The critical value(s) for this test can be found from T distribution table ( $\pm t_{\alpha/2}$ for a two-tailed test, $- t_{\alpha}$ for a left-tailed test and $t_{\alpha}$ for a right-tailed test).

If the value of the test statistic falls in the rejection region, then reject $H_0$; otherwise, do not reject $H_0$.
Statistical packages report p-values rather than critical values which can be used in testing the null hypothesis $H_0$.
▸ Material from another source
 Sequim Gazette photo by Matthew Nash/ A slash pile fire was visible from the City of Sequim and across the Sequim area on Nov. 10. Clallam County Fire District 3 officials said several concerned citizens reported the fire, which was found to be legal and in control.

1.4 Correlation and linear transformation

Suppose we have a linear transformation of the two variables $x$ and $y$, say $x_1=a x+b$ and $y_1=cy+d$ where $a>0$ and $c>0$. Then the Pearson correlation coefficient between $x_1$ and $y_1$ is equal to Pearson correlation coefficient between $x$ and $y$.
For our example, suppose we convert cars’ prices from dollars to pounds (say $\$1=$ , so $y_1=0.75 y$), and we left the age of the cars unchanged. Then we will find that the correlation between the age of the car and its price in pounds is equal to the one we obtained before (i.e. the correlation between the age and the price in dollars).
A special linear transformation is to standardize one or both variables. That is obtaining the values $z_x=(x-\bar{x})/s_x$ and $z_y=(y-\bar{y})/s_y$. Then the correlation between $z_x$ and $z_y$ is equal to the correlation between $x$ and $y$.

1.5 Spearman’s rho correlation coefficient ($r_s$)
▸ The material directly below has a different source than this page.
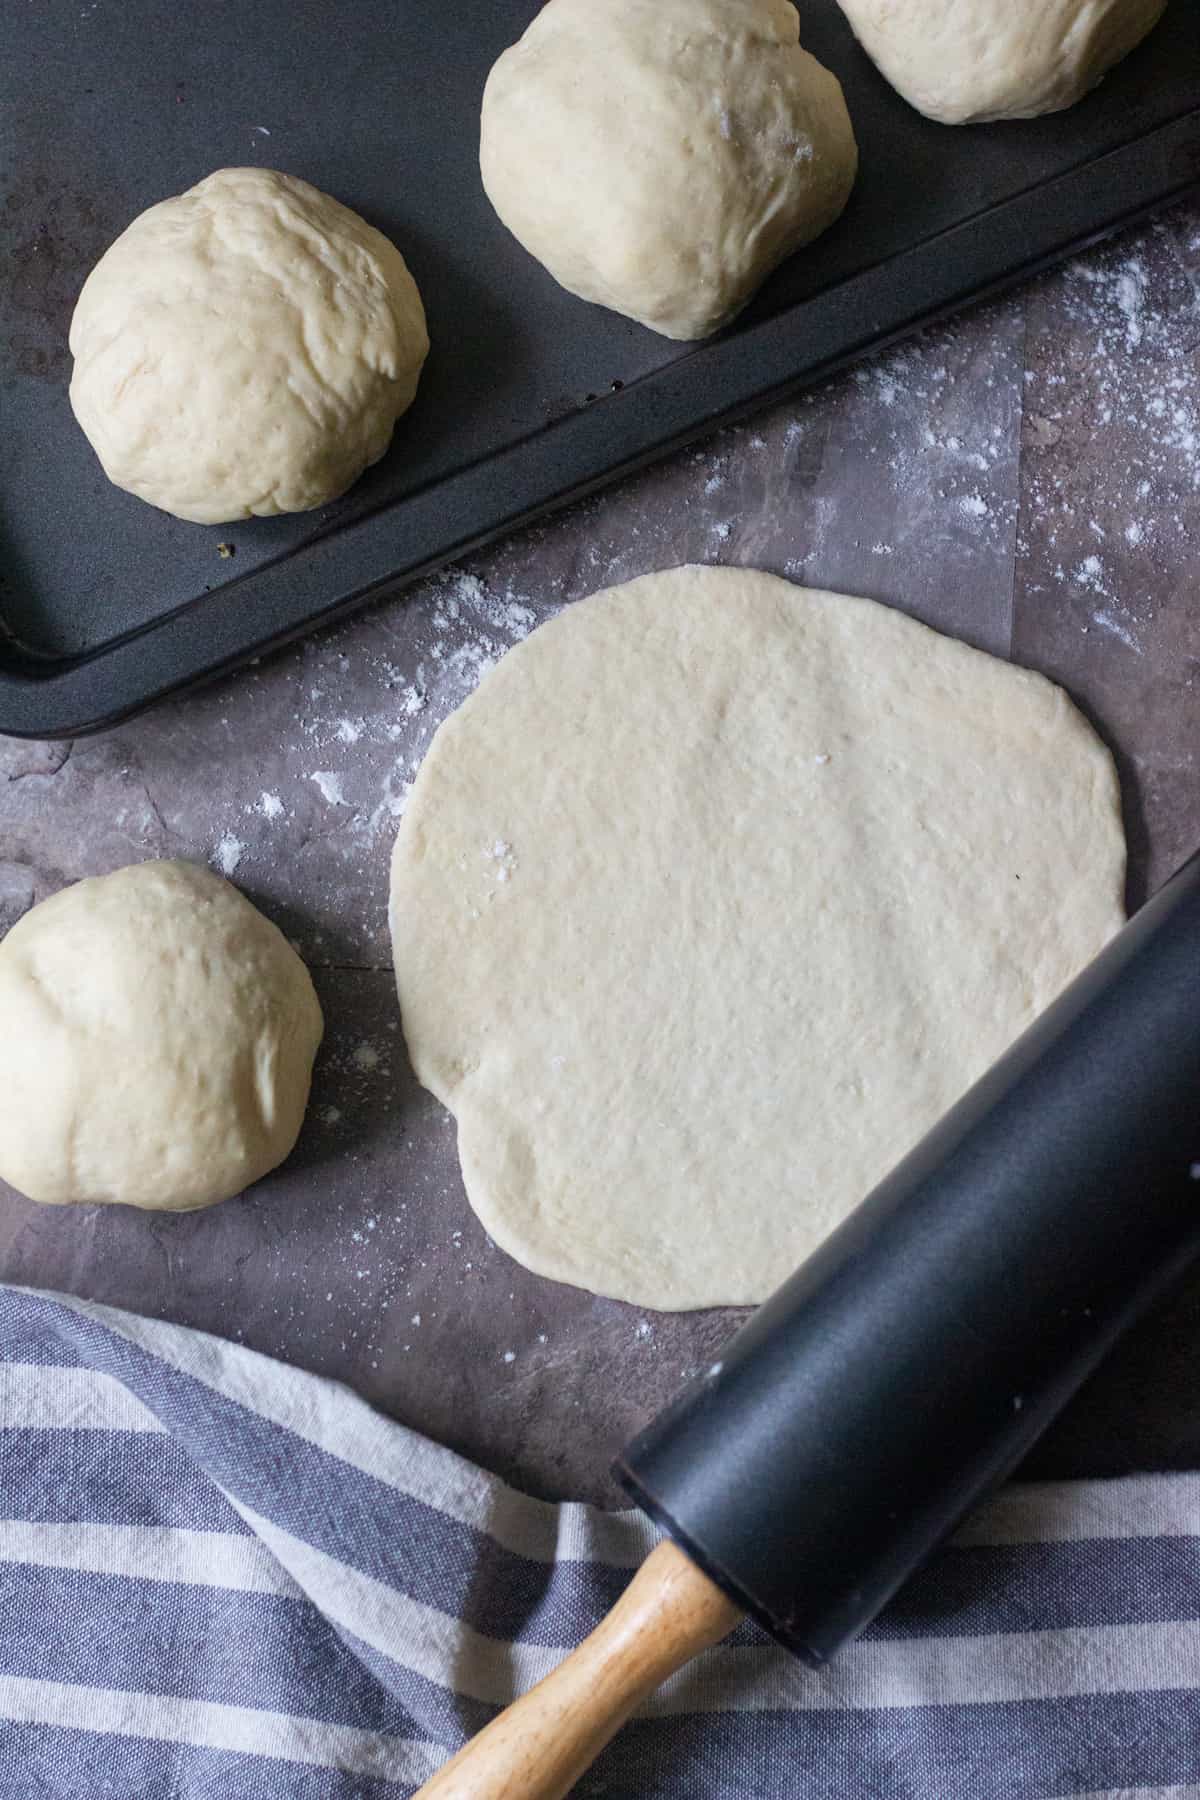 To make this recipe, roll the dough out so it's no thicker than ¼ inch.

When the normality assumption for the Pearson correlation coefficient $r$ cannot be met, or when one or both variables may be ordinal, then we should consider nonparametric methods such as Spearman’s rho and Kendall’s tau correlation coefficients.
Spearman’s rho correlation coefficient, $r_s$,can be obtained by first rank the $x$ values (and $y$ values) among themselves, and then we compute the Pearson correlation coefficient of the rank pairs. Similarly $-1\leq r_s \leq 1$, the values of $r_s$ range from -1 to +1 inclusive.
Spearman’s rho correlation coefficient can be used to describe the strength of the linear relationship as well as the nonlinear relationship.
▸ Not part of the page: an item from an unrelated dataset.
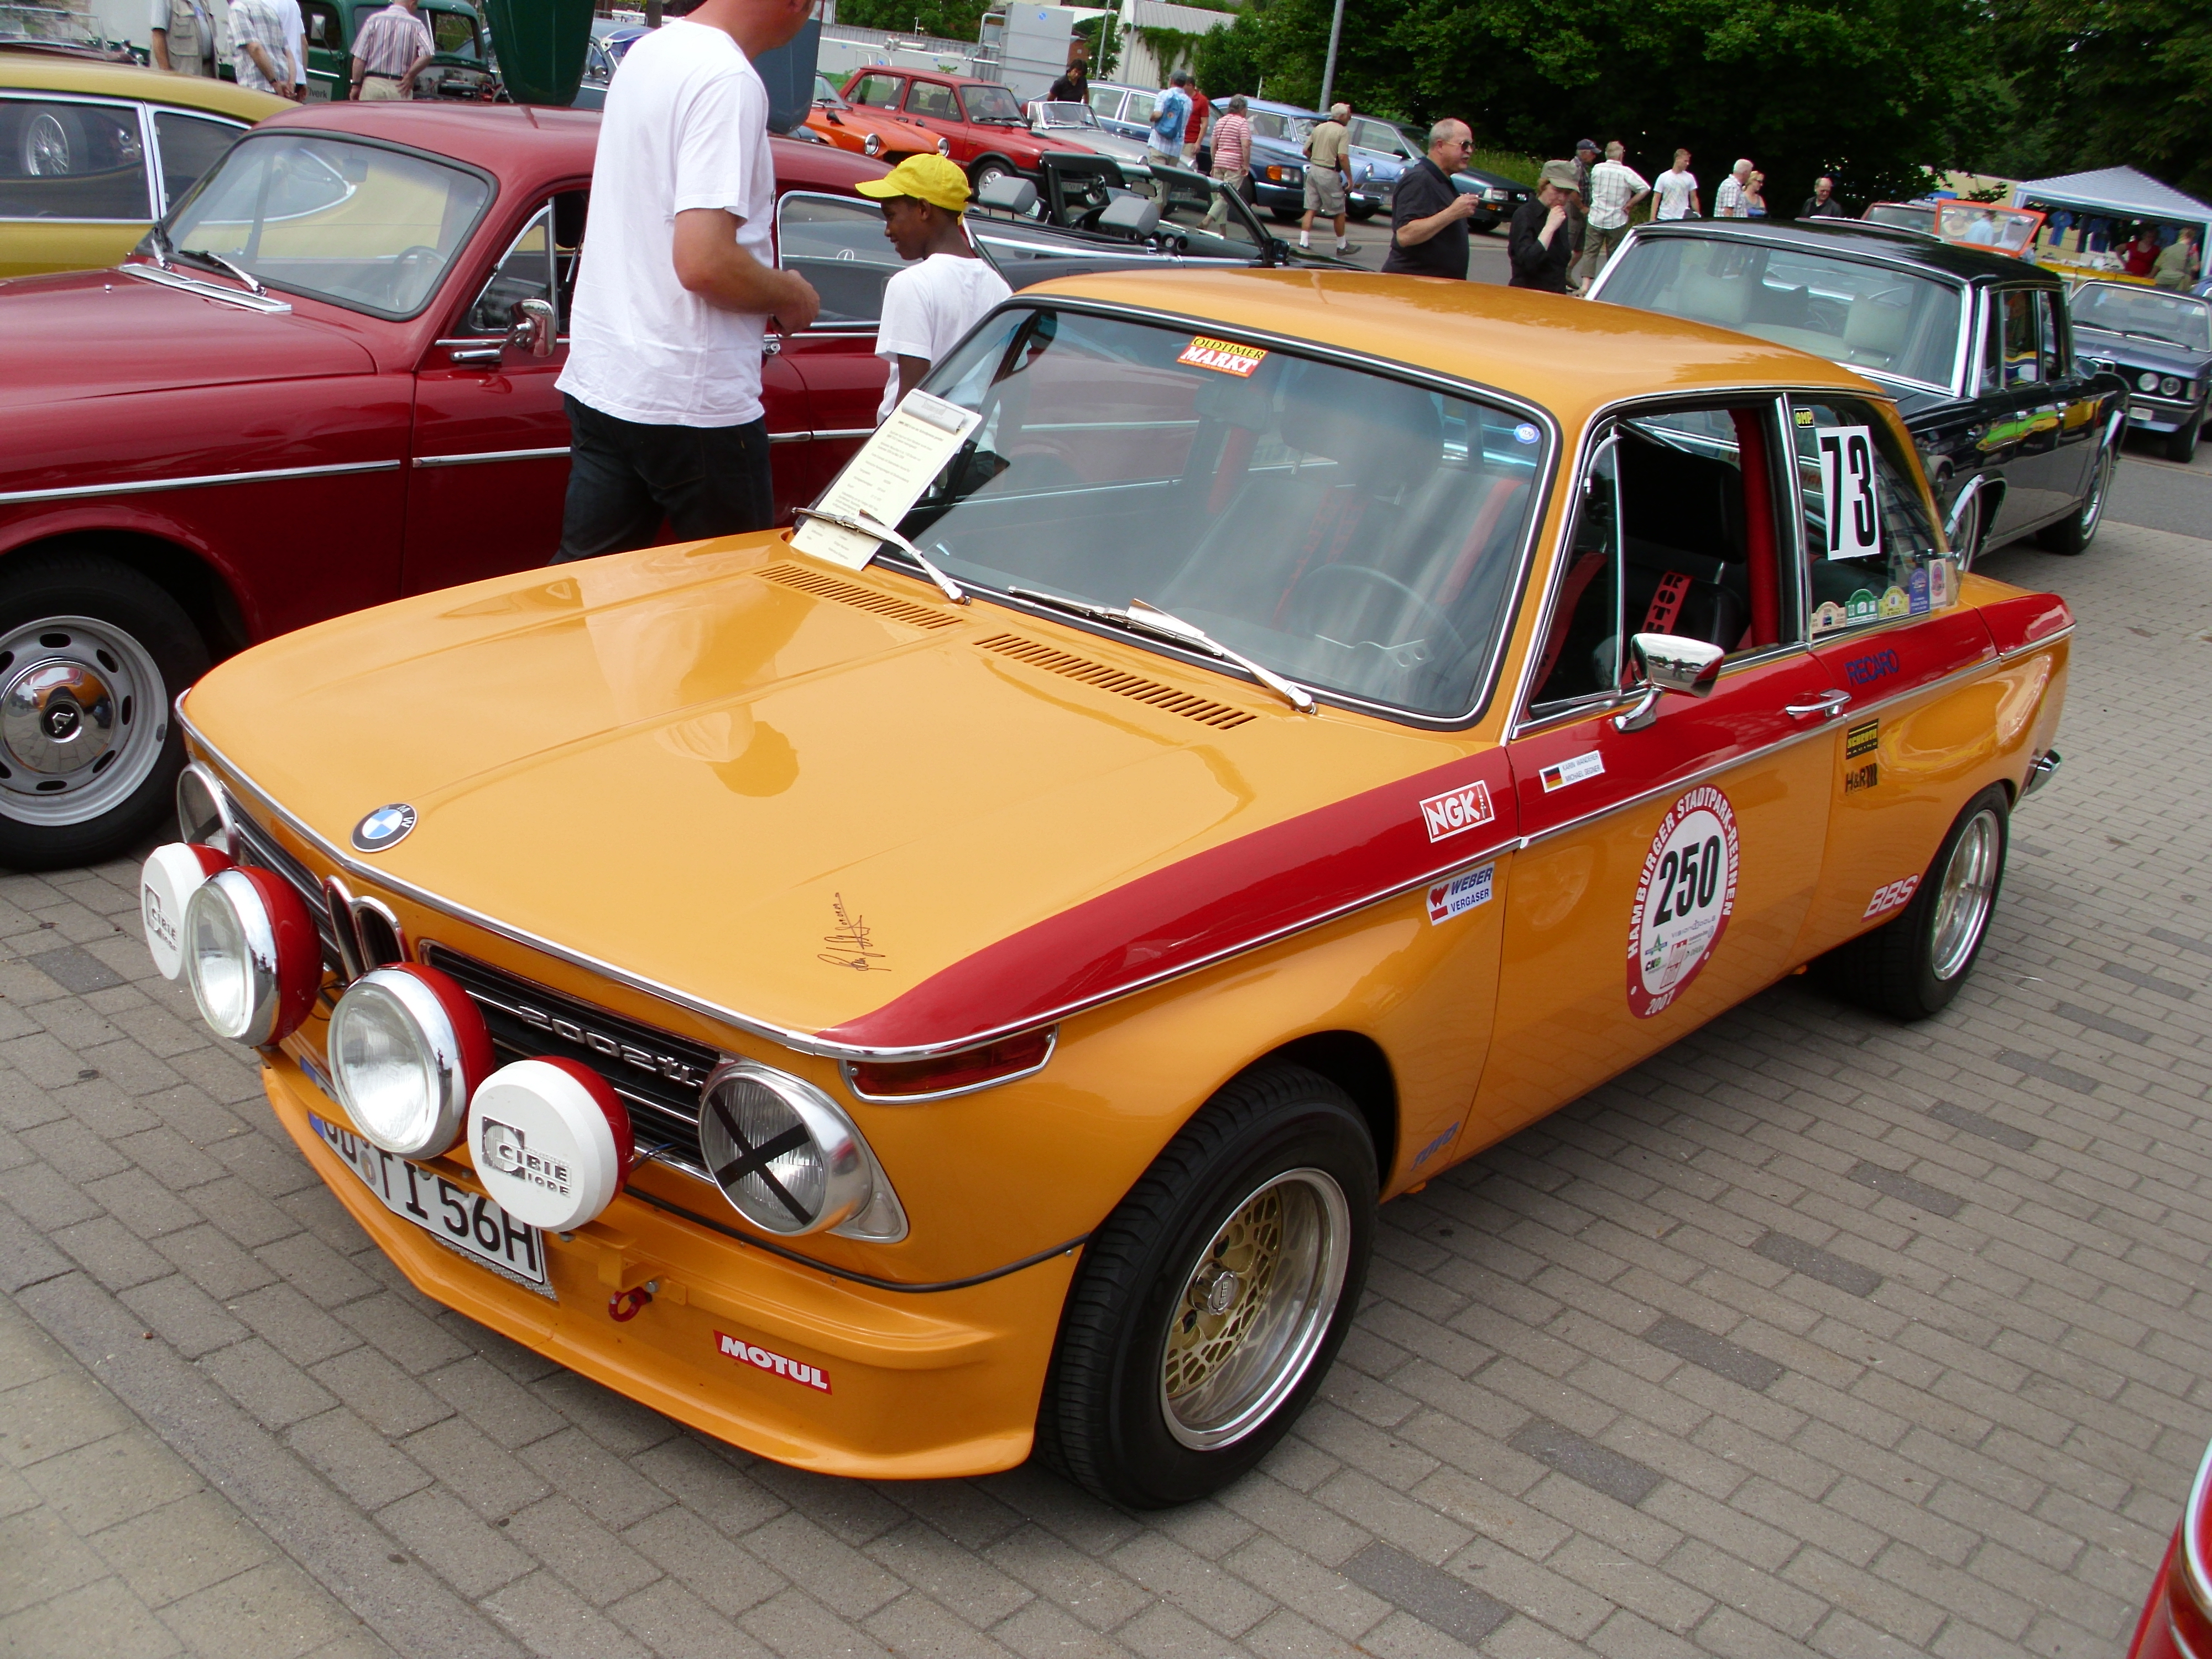 BMW 2002 ti (Ahrend-Tuning) 1970 -2- | Flickr - Photo Sharing!

1.6 Kendall’s tau ($\tau$) correlation coefficient

Kendall’s tau, $\tau$, measures the concordance of the relationship between two variables, and $-1\leq \tau \leq 1$.
Any pair of observations $(x_i, y_i)$ and $(x_j, y_j)$ are said to be concordant if both $x_i > x_j$ and $y_i > y_j$ or if both $x_i < x_j$ and $y_i < y_j$. And they are said to be discordant, if $x_i > x_j$ and $y_i < y_j$ or if $x_i < x_j$ and $y_i > y_j$. We will have $n(n-1)/2$ of pairs to compare.
The Kendall’s tau ($\tau$) correlation coefficient is defined as: \[\tau=\frac{\text{number of concordant pairs} - \text{number of discordant pairs}}{n(n-1)/2}\]

1.7 Used cars example

The table below displays data on Age (in years) and Price (in hundreds of dollars) for a sample of cars of a particular make and model.(Weiss,2012)

Price ($y$)	Age ($x$)
85	5
103	4
70	6
82	5
89	5
98	5
66	6
95	6
169	2
70	7
48	7

The Pearson correlation coefficient, \[r=\frac{\sum x_i y_i - (\sum x_i) (\sum y_i)/n }{\sqrt{ [\sum x^2_{i} -(\sum x_i)^2/n] [\sum y^2_{i} -(\sum y_i)^2/n] } } \] \[r=\frac{4732-(58)(975)/11}{\sqrt{(326-58^2/11)( 96129-975^2/11)}}=-0.924\] the value of $r=-0.924$ suggests a strong negative linear correlation between age and price.
Test the hypothesis $H_0: \rho = 0$ (no linear correlation) against $H_1: \rho < 0$ (negative correlation) at significant level $\alpha=0.05$.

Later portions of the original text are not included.